In our field of human-focused research and innovation, directly centered on computing and technological advances that aim to benefit society, collaborations and partnerships are integral. In my work, close partnerships with industry have helped to propel forward-looking research with the cutting-edge technology afforded by industry partners. Additionally, these have helped provide the students with valuable experiences that have enriched and elevated their research and offered them professional growth opportunities. Other community partners have been crucial in offering a platform for defining and disseminating research findings that can have a direct societal connection and impact, such as healthcare providers, storytellers, and K-12 educators. I have benefitted tremendously from such partnerships from extensive engagement with industry, including starting as a student intern at AT&T to a visiting faculty researcher at Google Research presently.

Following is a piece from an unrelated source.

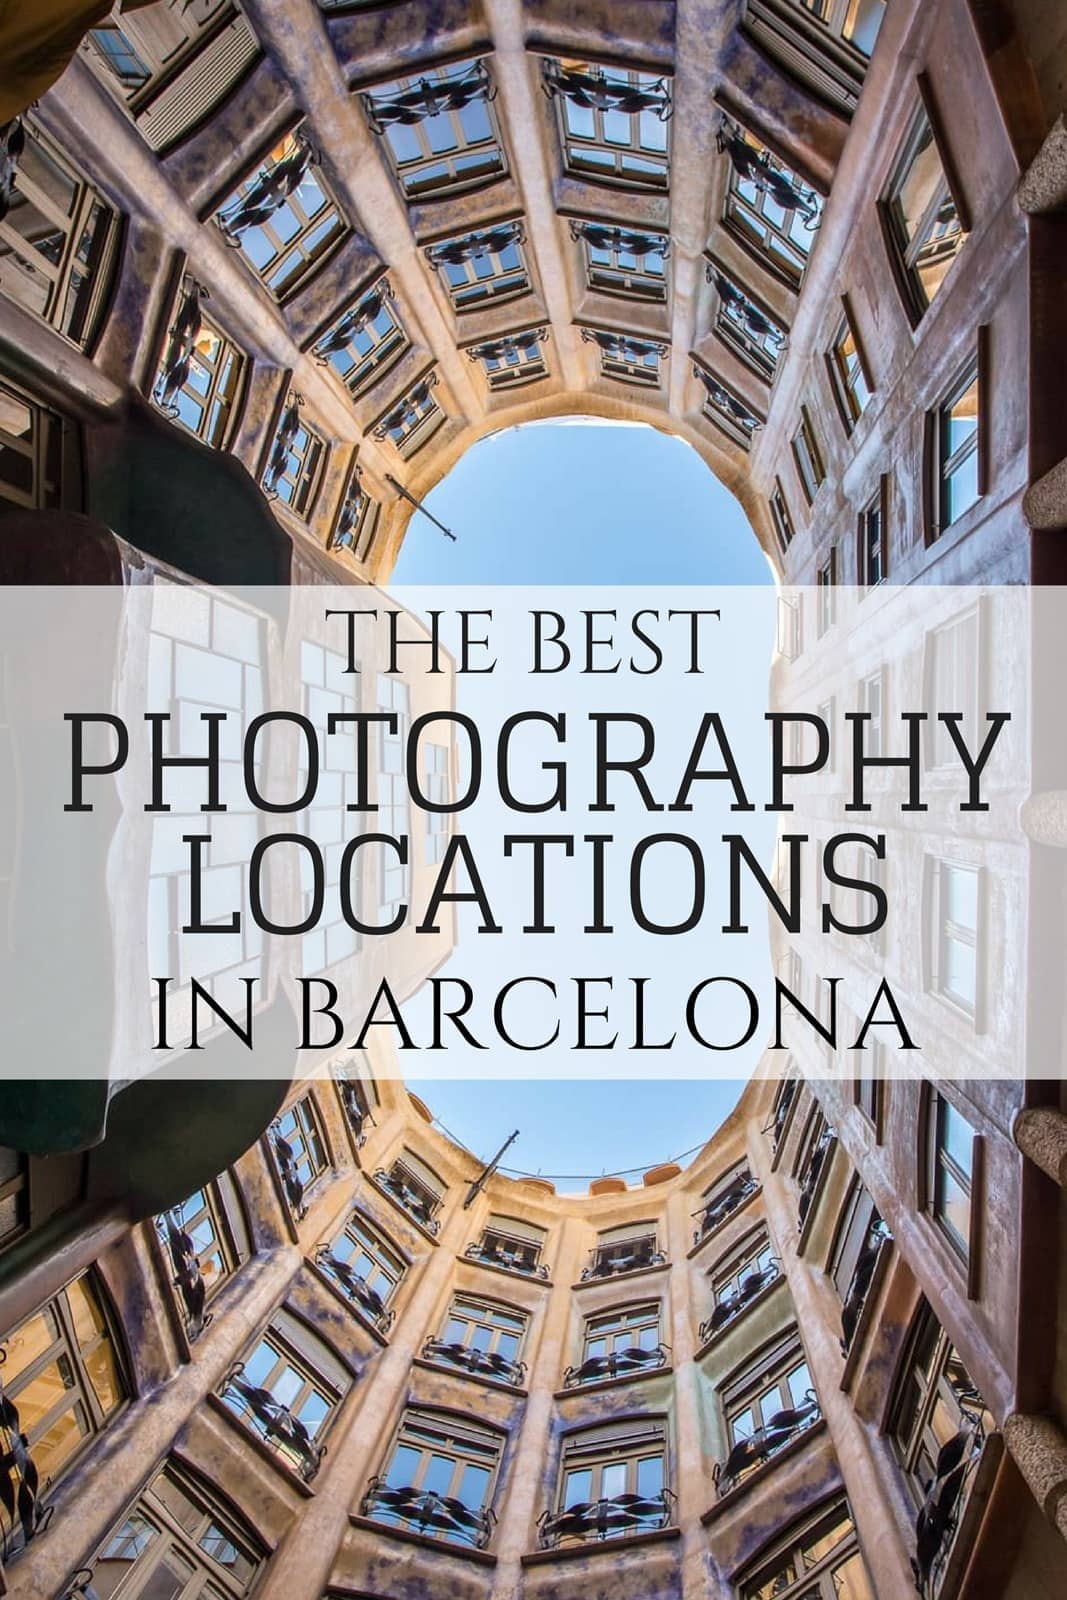 Best Photography Locations in Barcelona: Full list of some of the best photography locations in Barcelona to help you get the best photos from your trip to the city. Also includes tips for getting around Barcelona, finding accommodation in Barcelona and more!

More About Shrikanth Narayanan

Shrikanth (Shri) Narayanan is USC University Professor and Niki & C. L. Max Niki as Chair in Engineering at the University of Southern California (USC), where he holds appointments as Professor of Electrical & Computer Engineering, Computer Science, Linguistics, Psychology, Neuroscience, Pediatrics, and Otolaryngology—Head & Neck Surgery and Research Director of the Information Sciences Institute. Before USC, he was with AT&T Bell Labs and AT&T Research. His interdisciplinary research focuses on developing engineering and computing approaches to understand the human condition and in creating human-centered technologies to support and enhance human experiences, across applications with direct societal relevance including in defense/intelligence, health, education, and the media arts. He is a Fellow of the Acoustical Society of America, IEEE, the International Speech Communication Association (ISCA), the American Association for the Advancement of Science, the Association for Psychological Science, the Association for the Advancement of Affective Computing, the American Institute for Medical and Biological Engineering, and the National Academy of Inventors. He is a Guggenheim Fellow and member of the European Academy of Sciences and Arts, and a recipient of many awards for research and education including the 2023 ISCA Medal for Scientific Achievement and the 2023 Richard Deswarte Prize in Digital History. He has published widely (over 1000 papers) and his inventions/patents have led to technology commercialization including through startups he co-founded: Behavioral Signals Technologies focused on AI-based conversational assistance and Lyssn focused on mental health care and quality assurance.